◆ Recorded data ◆
* * * * * * * * *

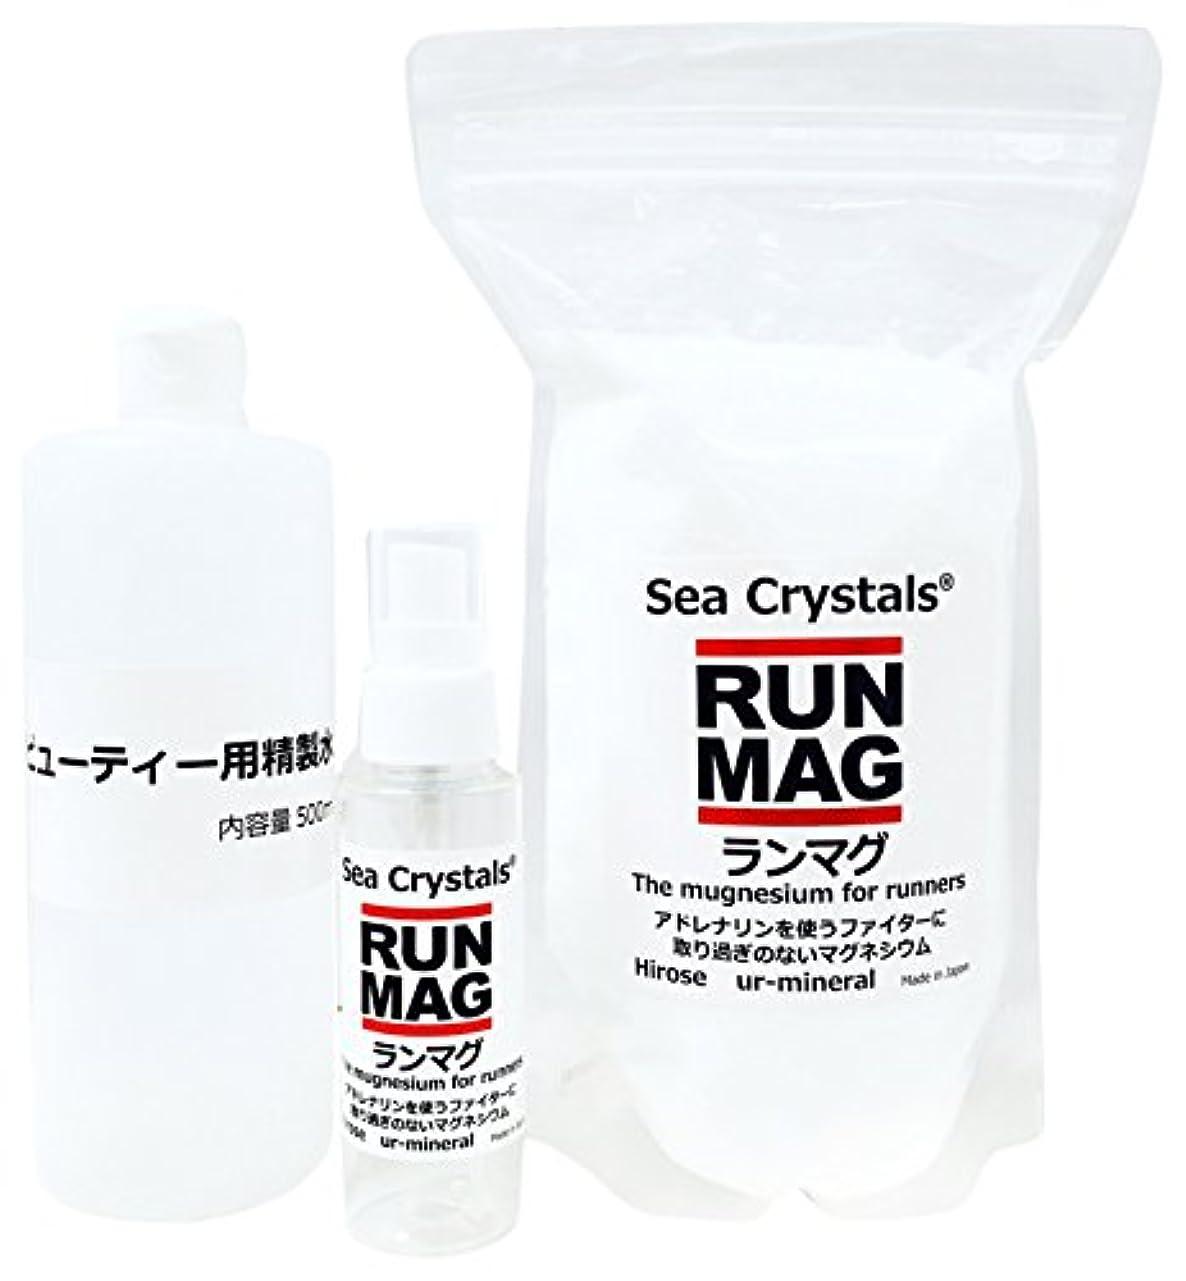 言い直す粉砕する地下室ランマグ?マグネシウムオイル 500g 化粧品登録 日本製 1日マグネシウム360mg使用  精製水付き
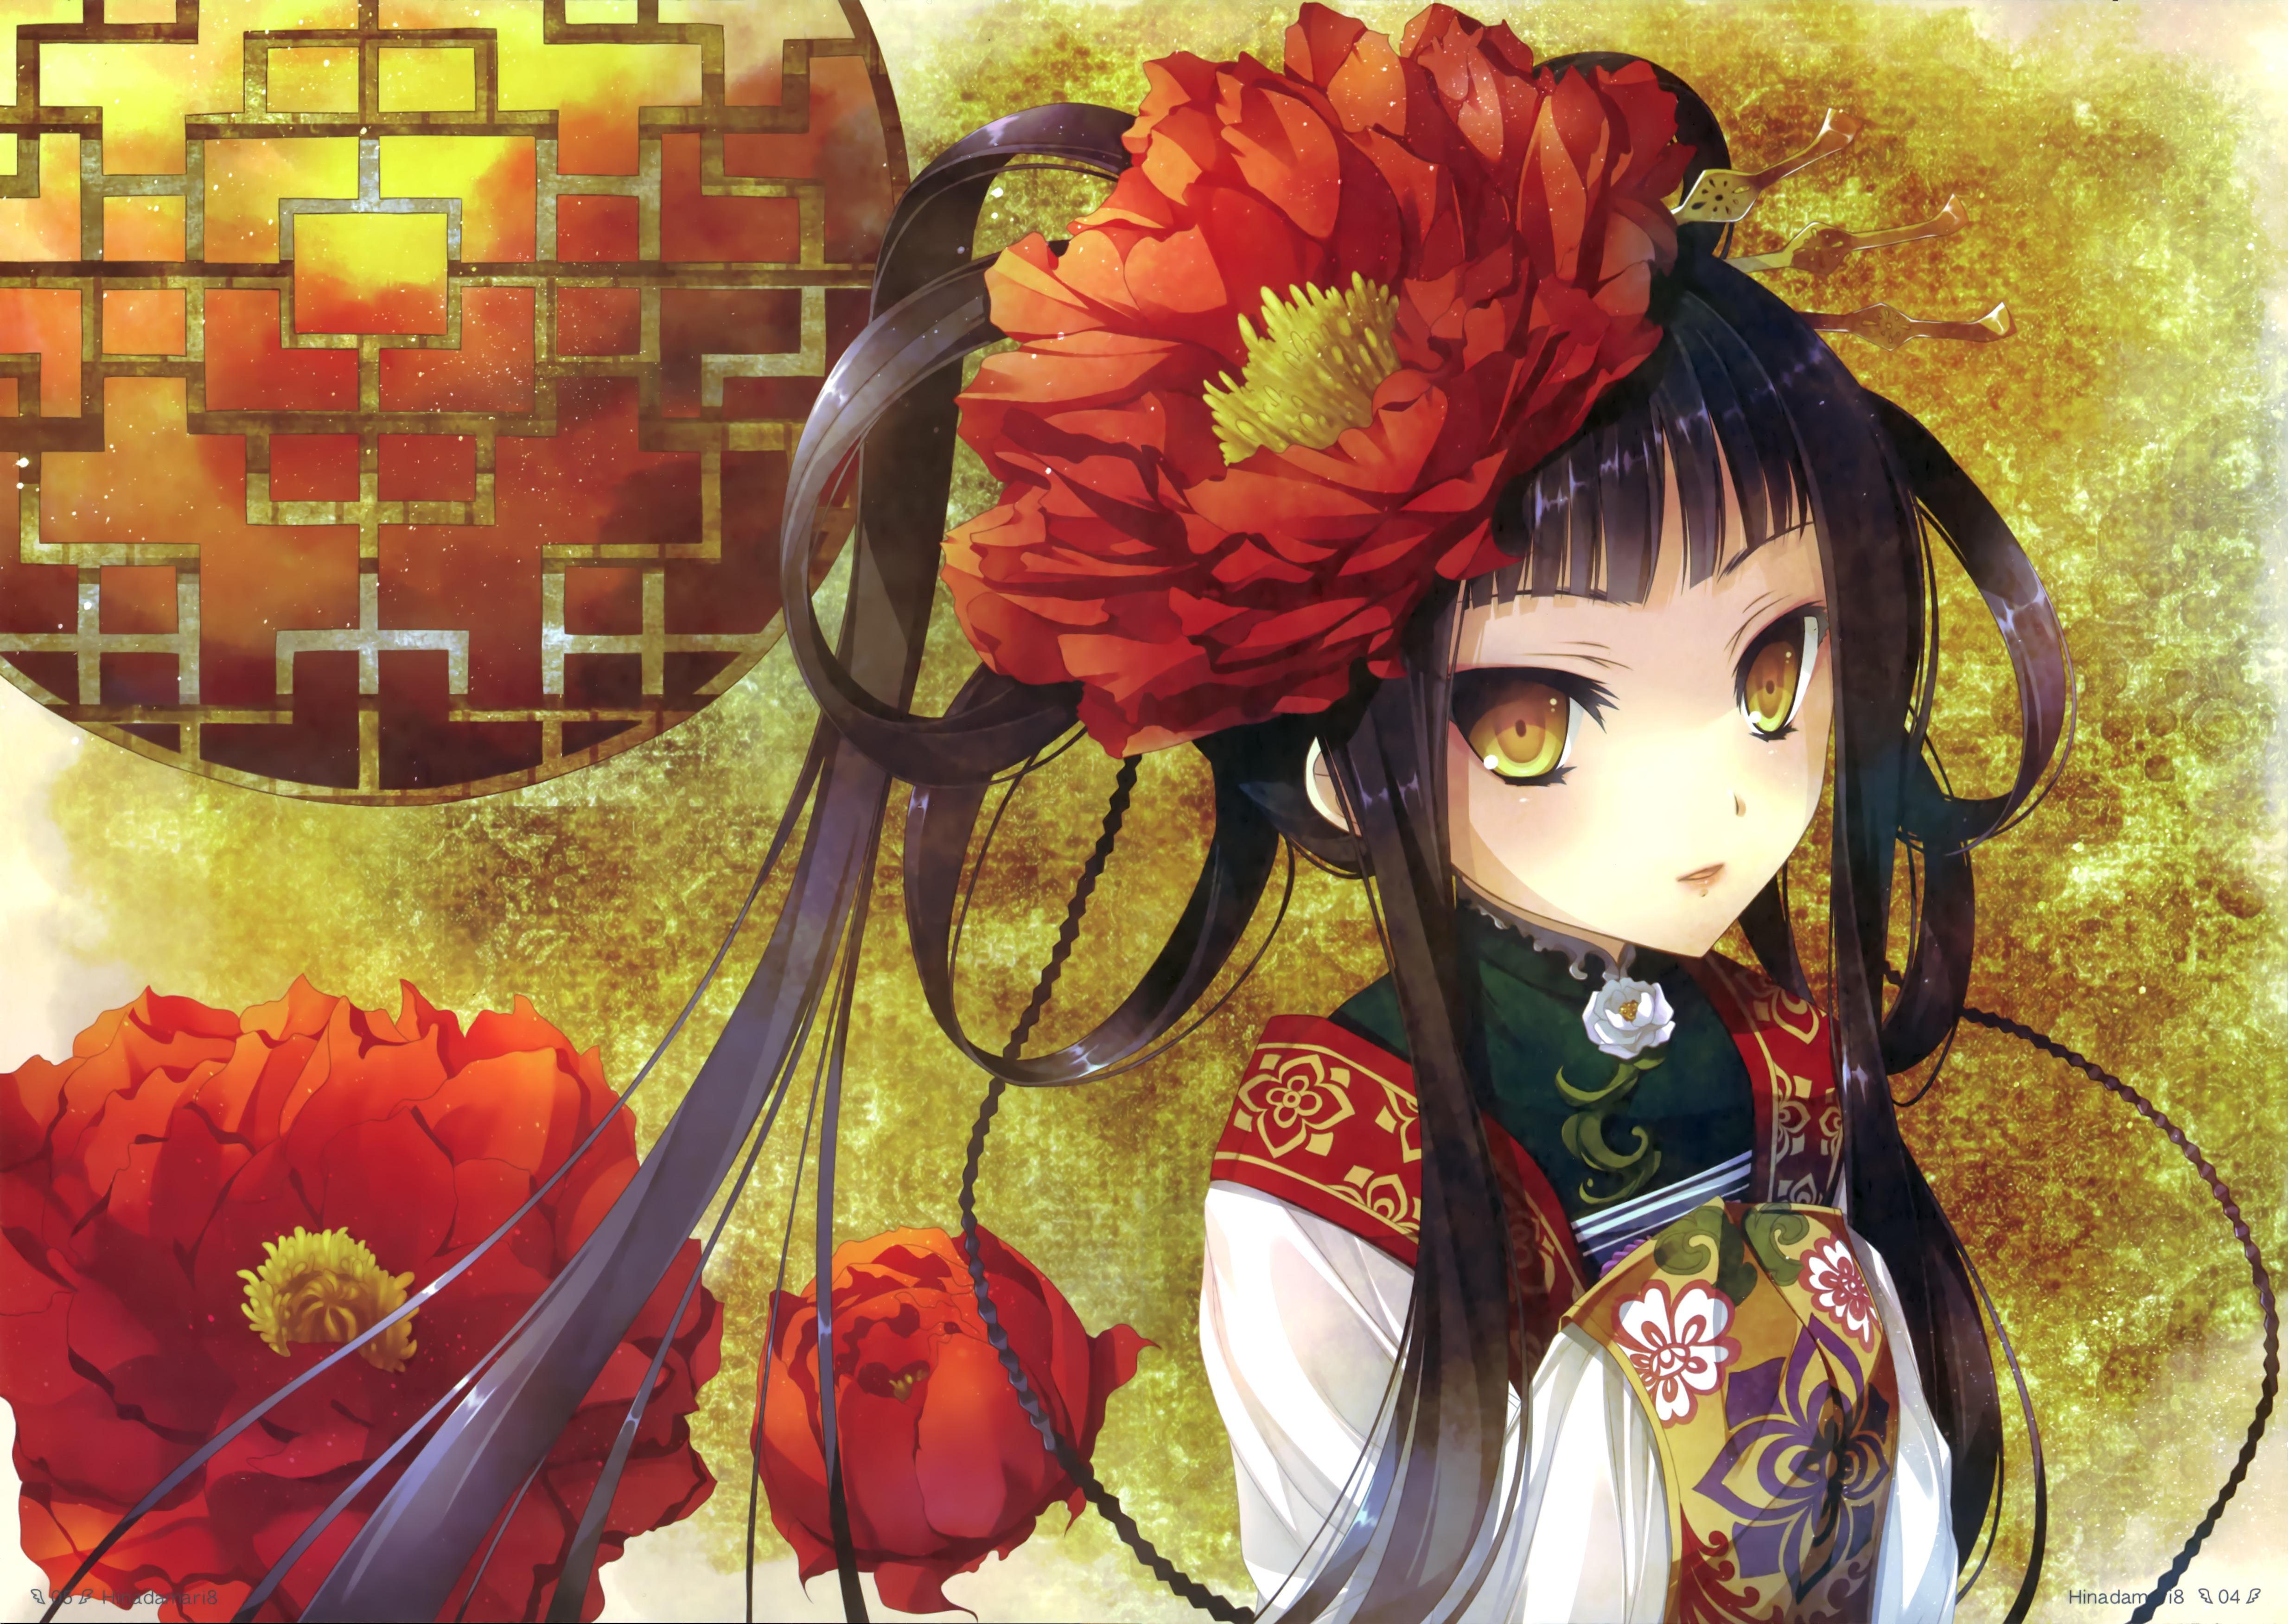 HDoboi.Kiev.ua - Katagiri hinata anime girl, классные аниме обои
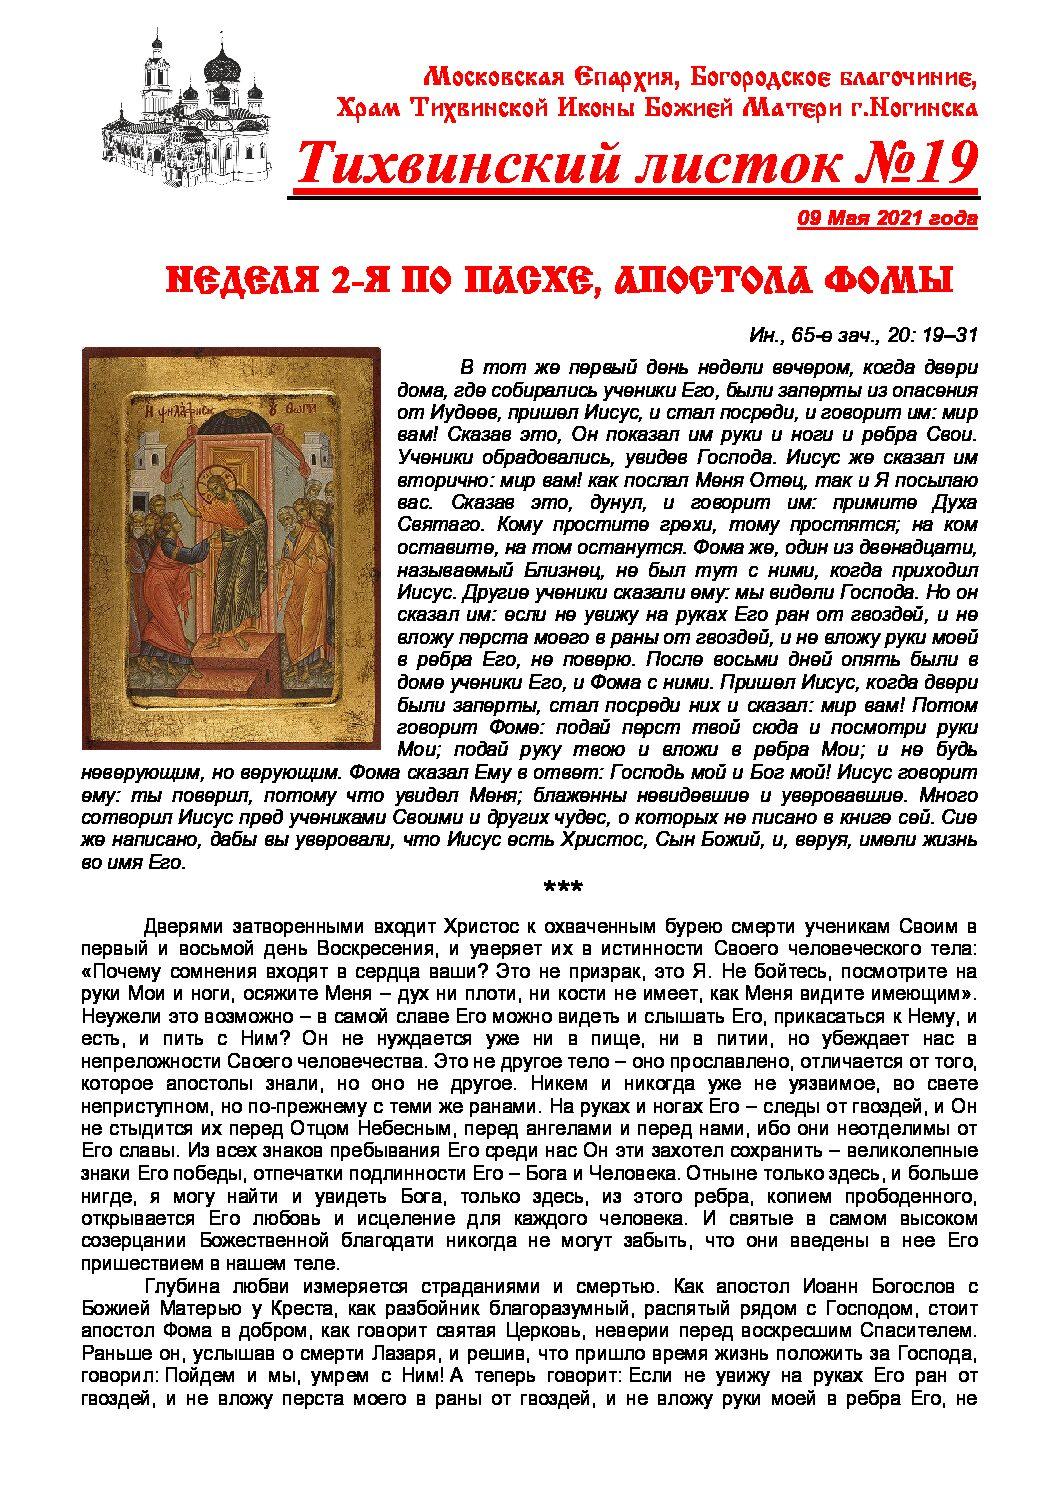 Тихвинский листок №19

* * * * * * * * *

◆ The task ◆
Exactly the lines from the one containing "HDoboi.Kiev.ua - Katagiri" through the last line of the material above, both included and free of pictures, should make up your answer, please.

◆ Response to this task ◆
 HDoboi.Kiev.ua - Katagiri hinata anime girl, классные аниме обои
 Тихвинский листок №19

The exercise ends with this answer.